→ Exercise details:
Any picture in the data below should be skipped, while every line is repeated exactly.

→ Dataset content:

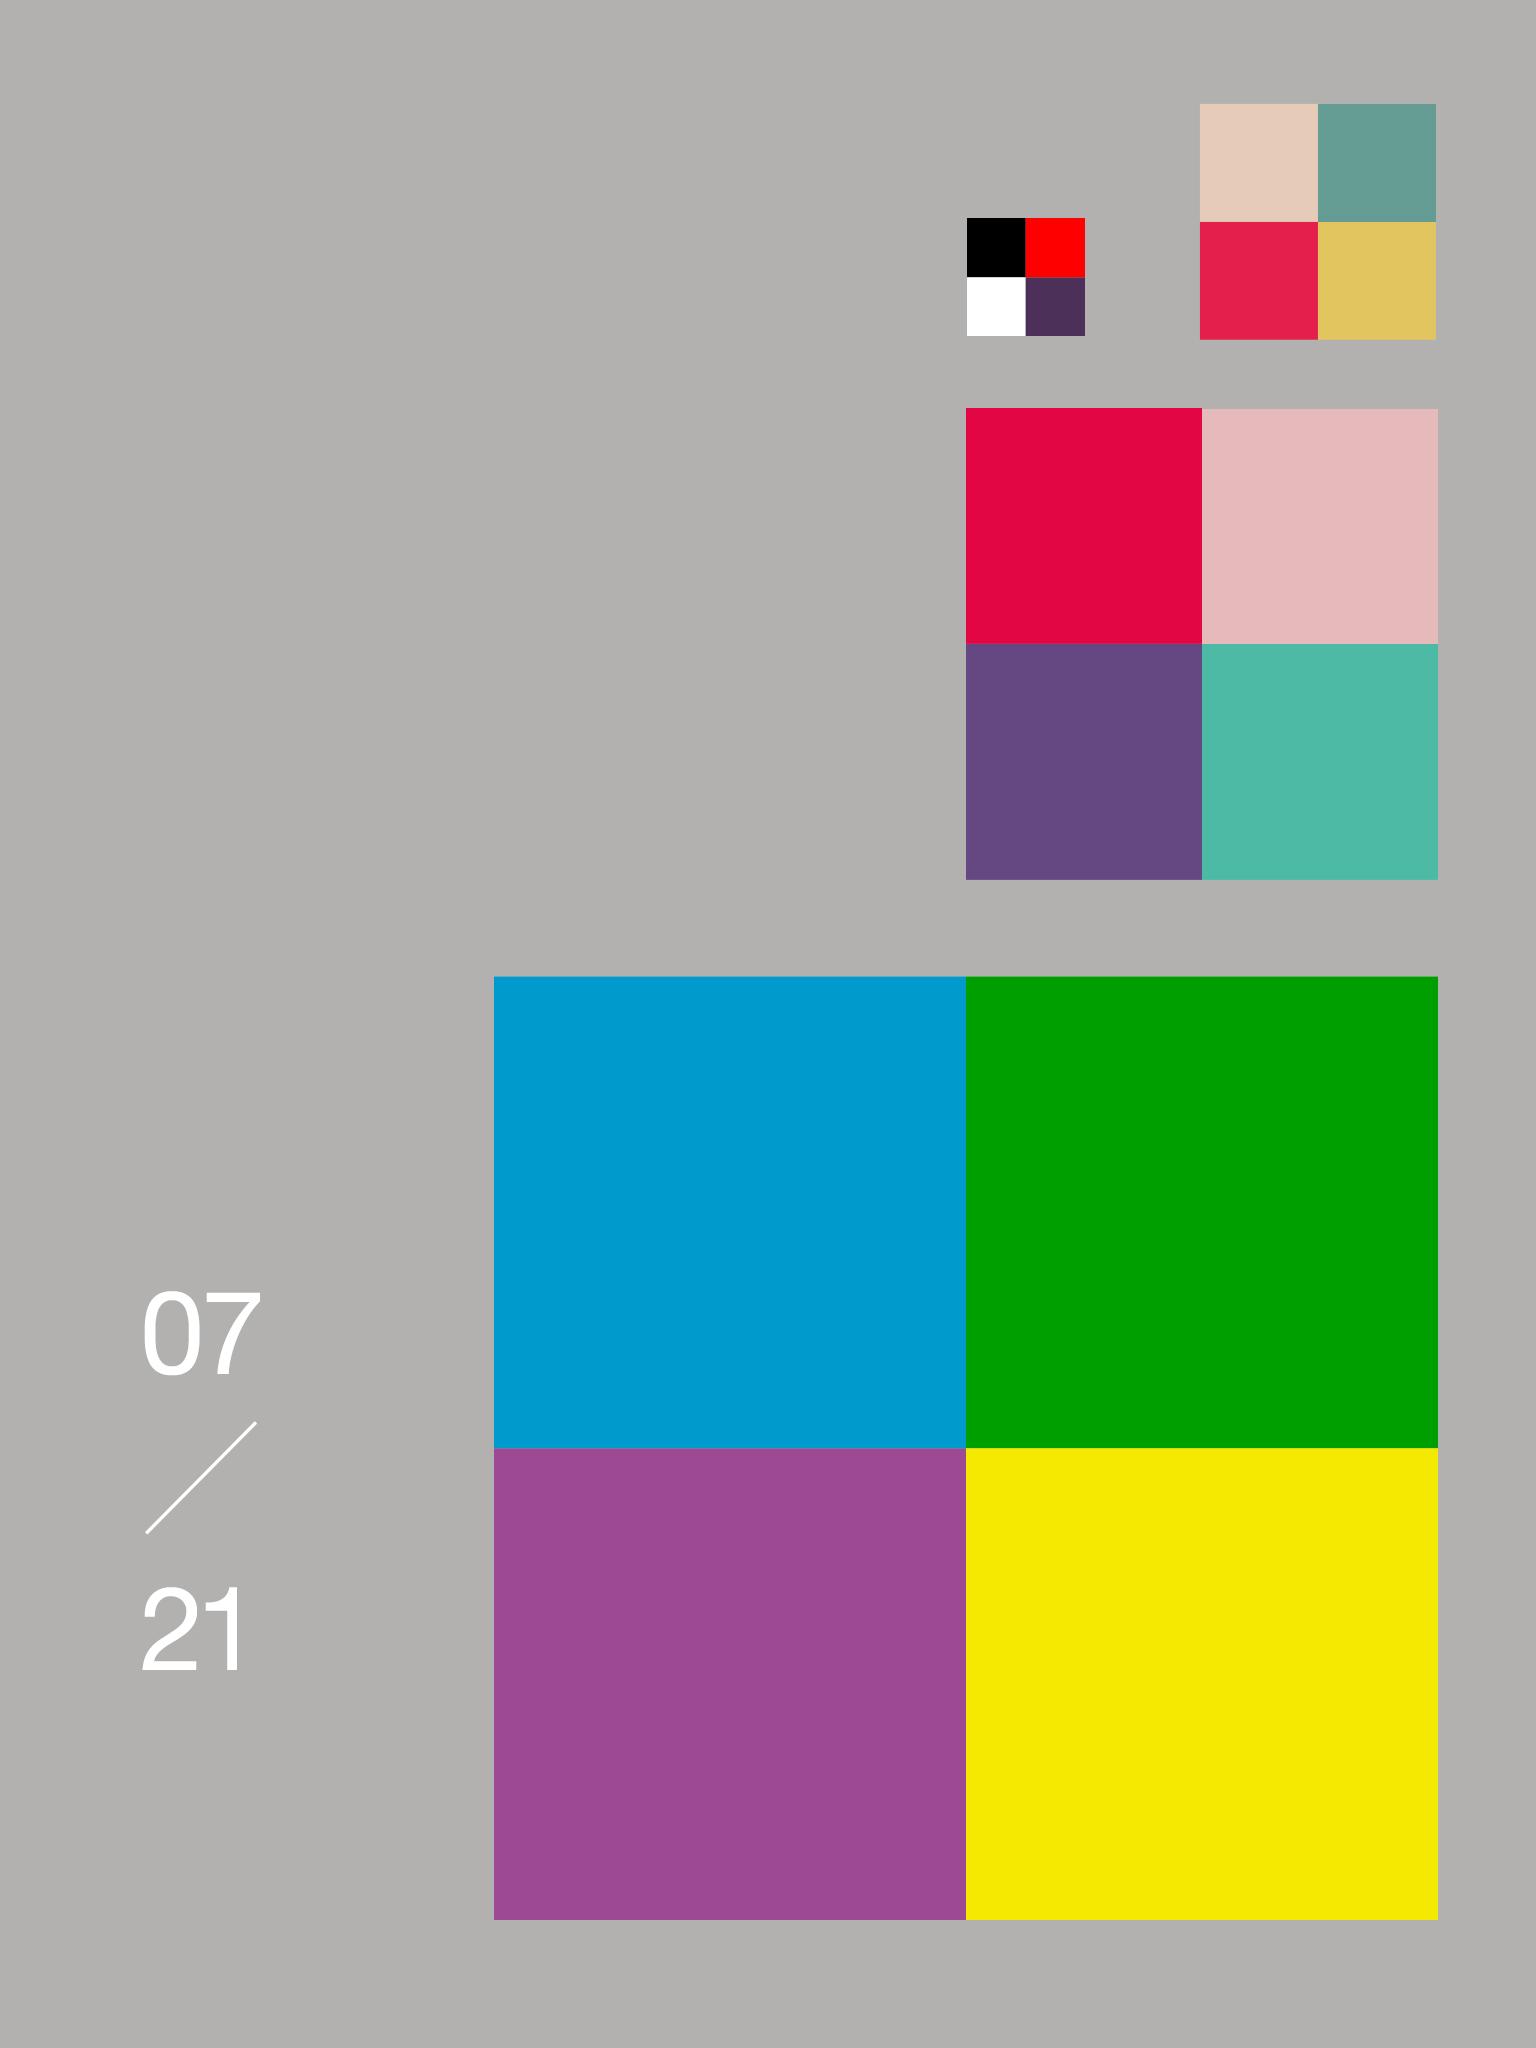 July's Best Music
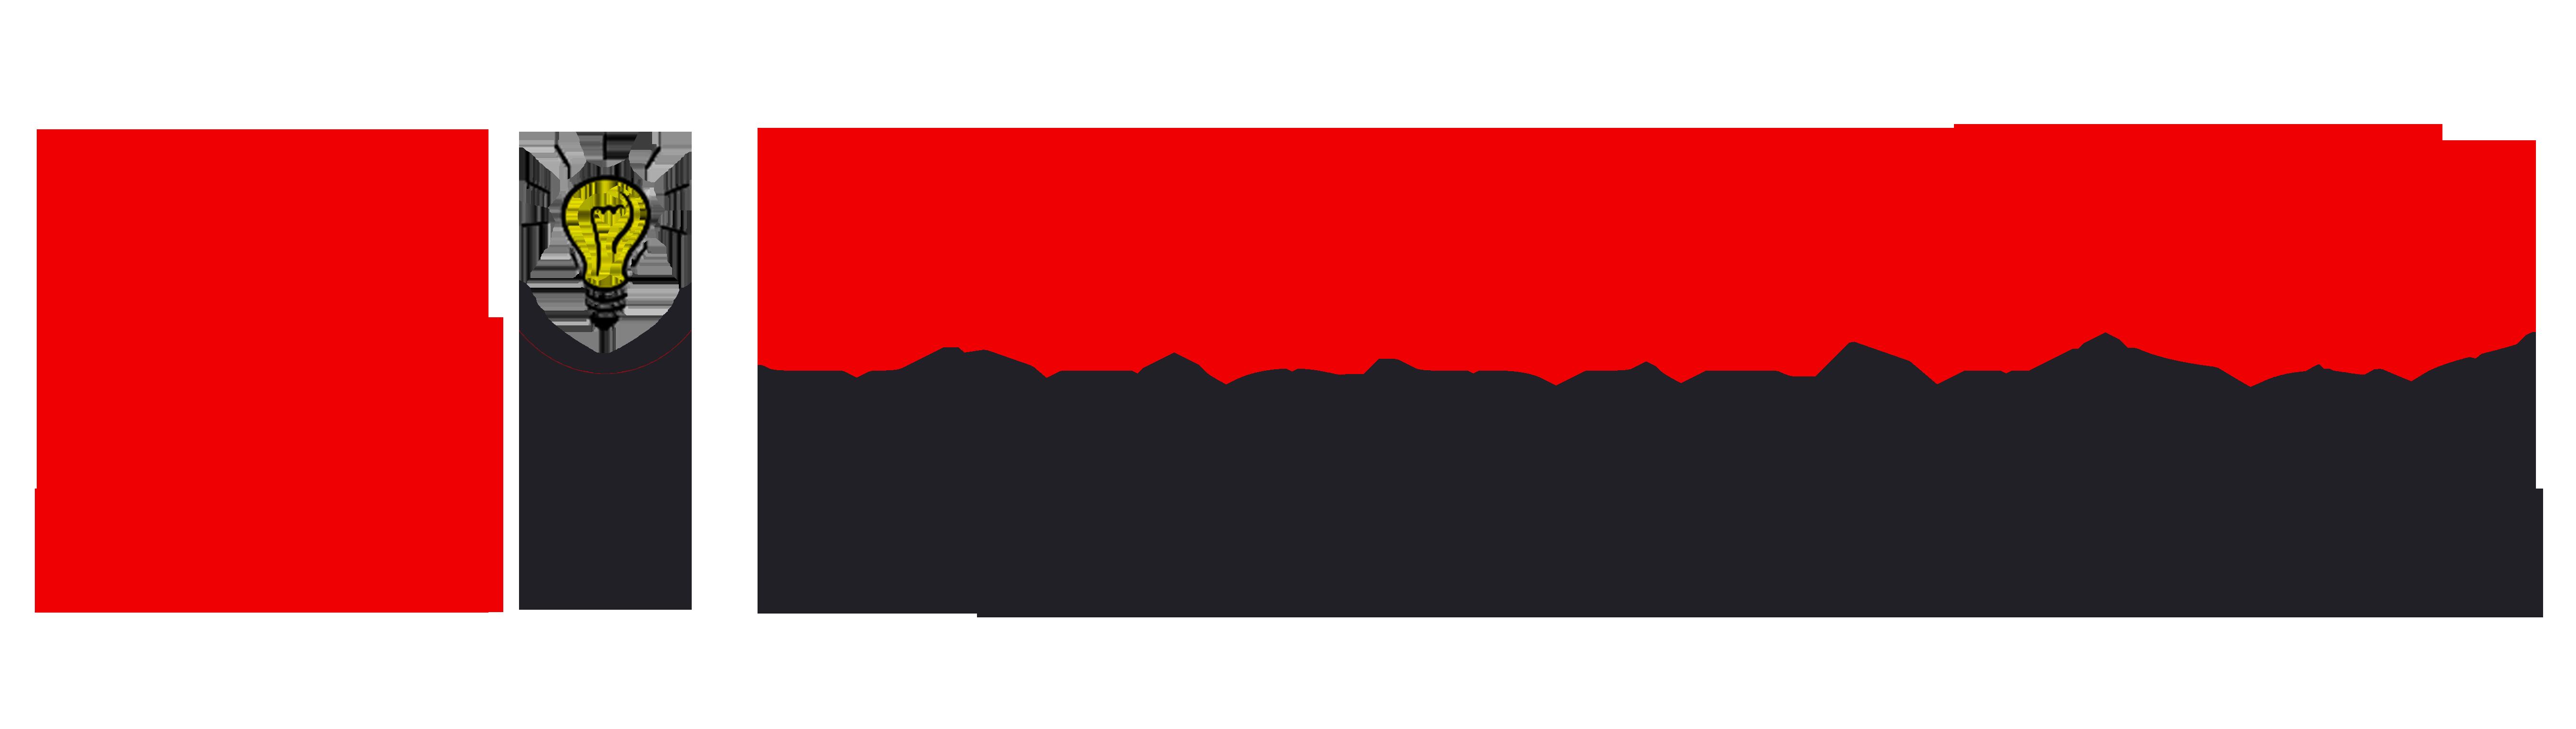 Nano informatics logo
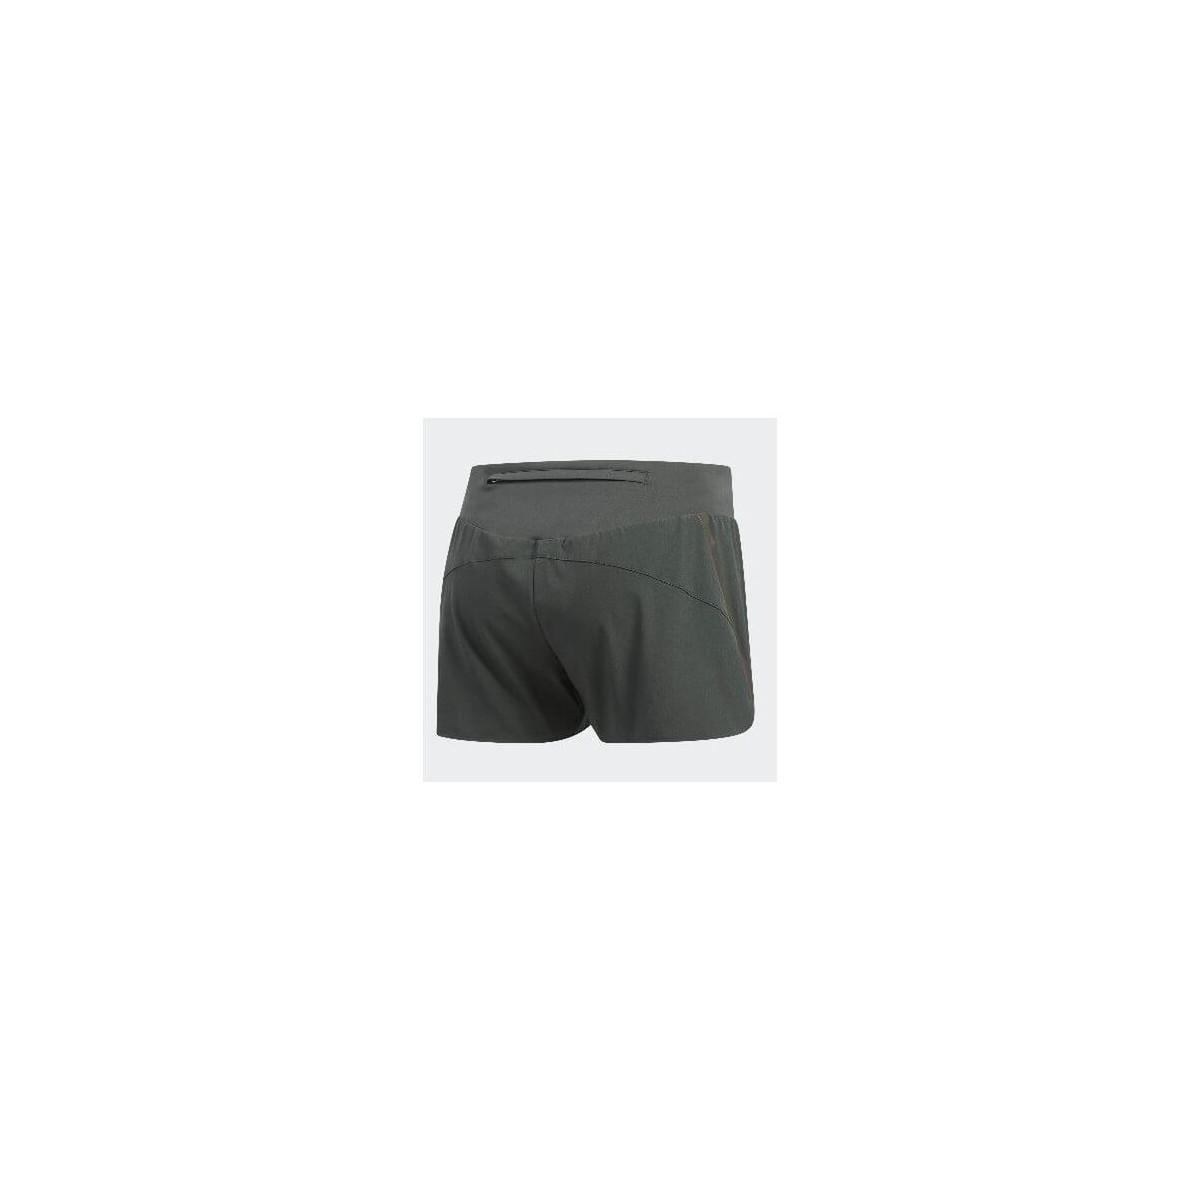 ee67454dbe Pantalón corto Adidas Saturday Short running Mujer Verde oscuro PV19 ...

→ Expected answer:
 July's Best Music
 Nano informatics logo
 ee67454dbe Pantalón corto Adidas Saturday Short running Mujer Verde oscuro PV19 ...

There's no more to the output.